Евпраксия - Павел Загребельный
Шрифт:
Интервал:
Закладка:
Где же сам папа? Евпраксия растерянно смотрела вперед, озиралась, не решаясь задать такой вопрос графине, пока шла покорно за нею, приближаясь к удивительному даже для нее, для императрицы, трону. Увидела папу внезапно. Тот сидел на троне, одетый в широкую белую одежду, которая сливалась с белым мрамором тронной спинки и подлокотников, на голове у папы круглилась бархатная шапочка, тоже белая, но слишком малая, чтобы закрыть розовую лысину; раньше всего в глаза бросилась эта розовая вытянутая лысина, а потом длинная шея, плоское невыразительное лицо. Урбан был лыс, как пророк Елисей, которого высмеяли дети, за что их растерзали медведицы. Евпраксия невольно вздрогнула от горького предчувствия. Не будет ли она растерзана? Глядя на причудливый папский череп, вспомнила рассказ Журины о том, что чеберяйчики бывают круглоголовые и остроголовые.
У круглоголовых мысли располагаются по всей голове равномерно, у остроголовых собираются в вершине, в маковке вытянутой и при малейшей неосторожности вылетают из головы. Остроголовые – пустоголовые. Бойся их!
Остерегайся!
Пока медленно подходила к папе, смогла рассмотреть и его трон.
Держался он на спинах двух приземистых беломраморных слонов. Высокая трегугольная спинка украшена резьбой, увенчана мраморным цветком, из лепестков которого круглится что-то, наподобие папской лысины. Такие же мраморные лысины украшают верхушки колонн-столбиков, что окружают трон.
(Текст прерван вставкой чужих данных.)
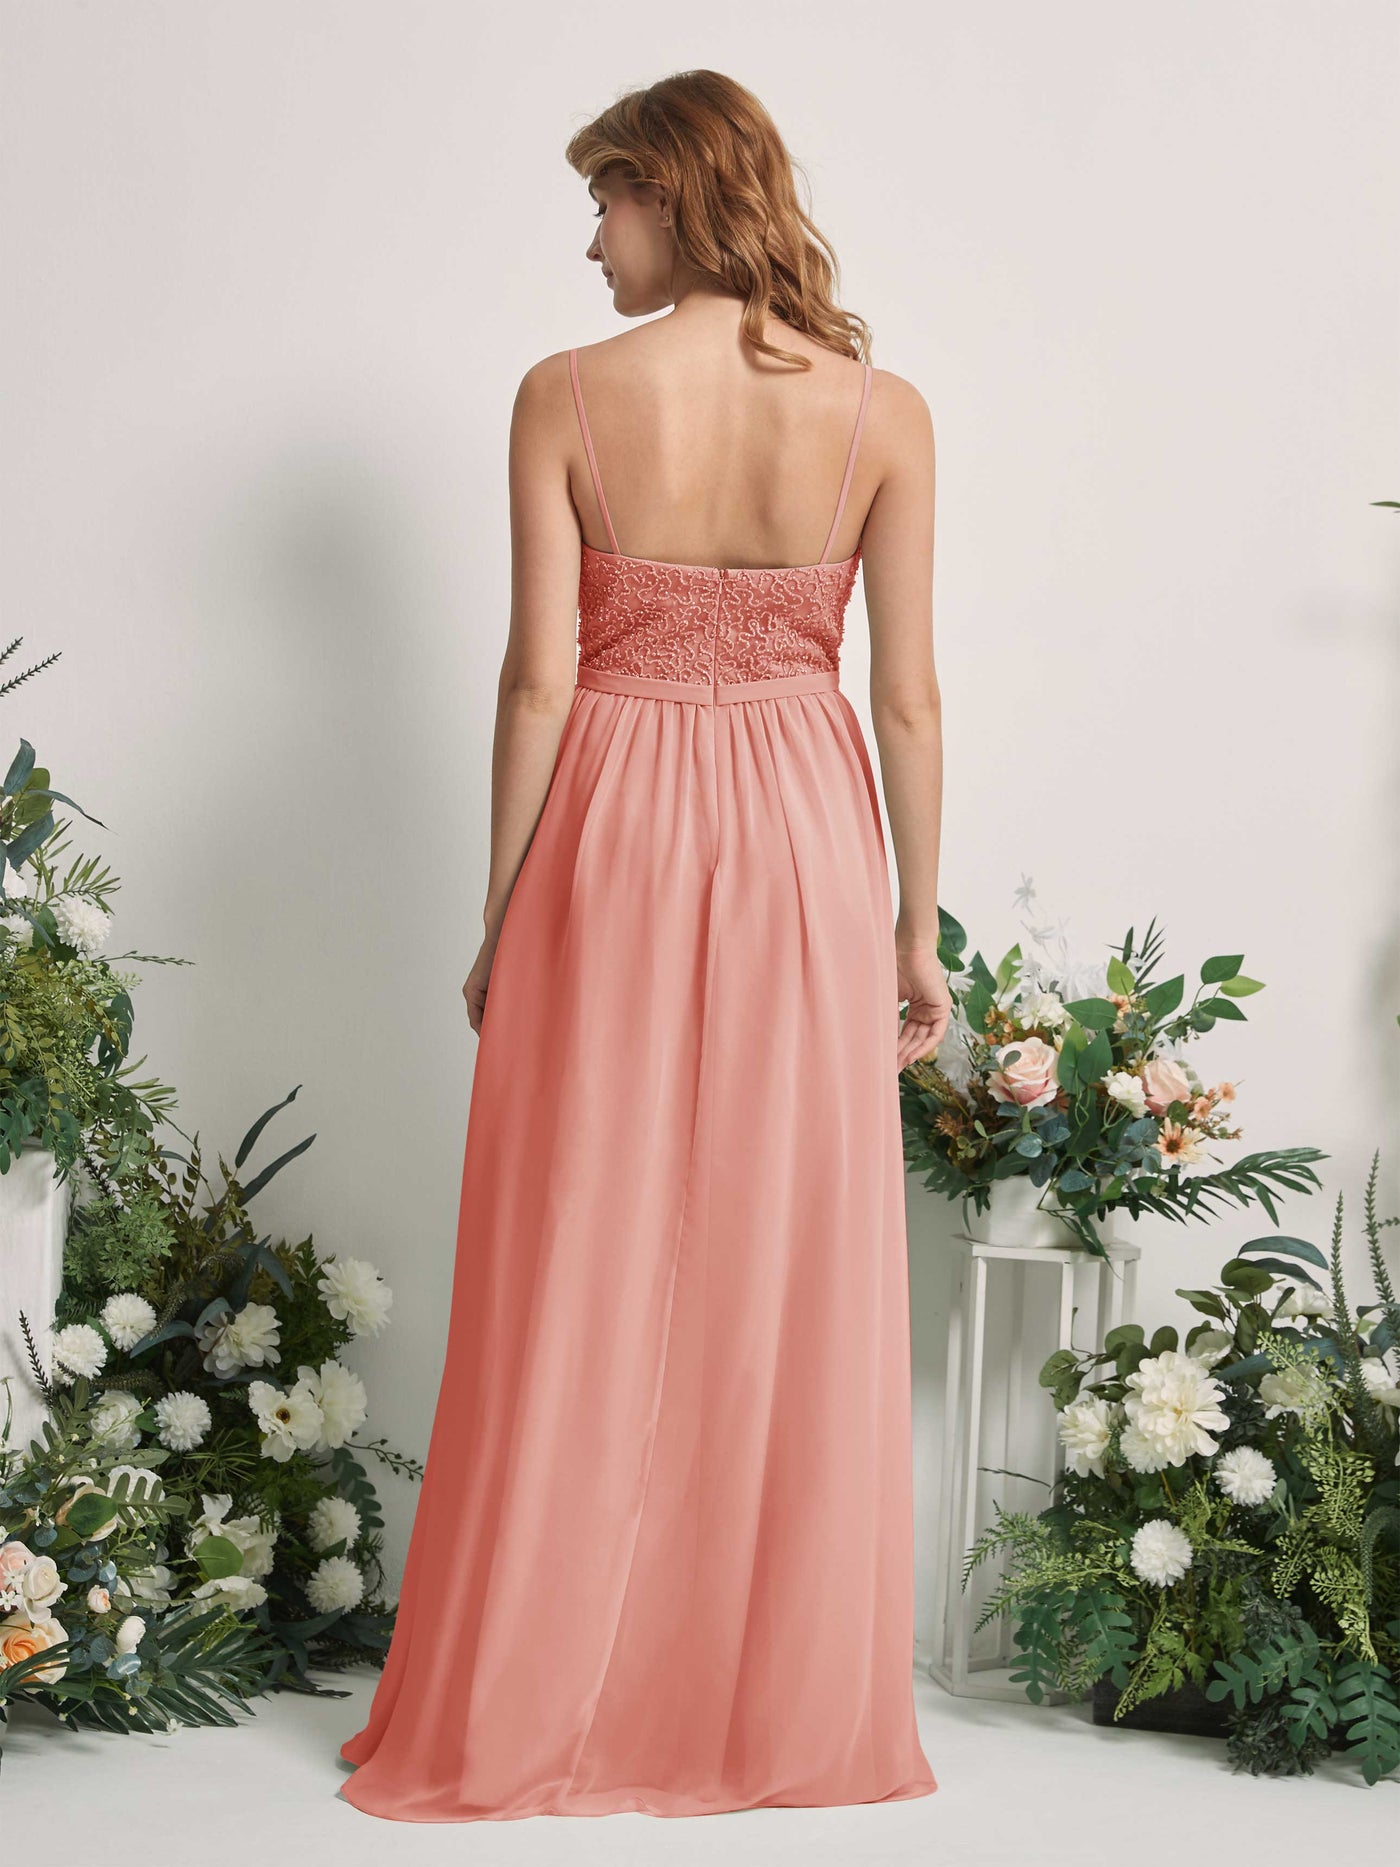 Champagne Rose Bridesmaid Dresses A-line Open back Spaghetti-straps Sleeveless Dresses (83220106)#color_champagne-rose

Низ трона – в резвых кругах с крестами, на боковых стенках низа – какие-то надписи, а на передней – подножии – примостились у ног папы беломраморные орлы. Слоны под троном стоят спокойно и покорно, зато орлы взъерошили крылья, устрашают того, кто приближается, так и готовы сорваться, рвануться навстречу, хищно и безжалостно клюнуть.
Графиня Матильда опередила Евпраксию. Мелко переступая, почти добежала до трона, пала, прижалась щекой к белой туфле папской, потом закатила темные глаза-кружочки вверх – лицезреть святейшего; тот милостиво наклонился с сиденья, подал руку для поцелуя, попытался улыбнуться сухими узкими губами; в тот же миг увидел своими бесцветными, как у старого орла, глазами Евпраксию. Она стояла за Матильдой, к папской туфле не приникала, не склонялась в покорности.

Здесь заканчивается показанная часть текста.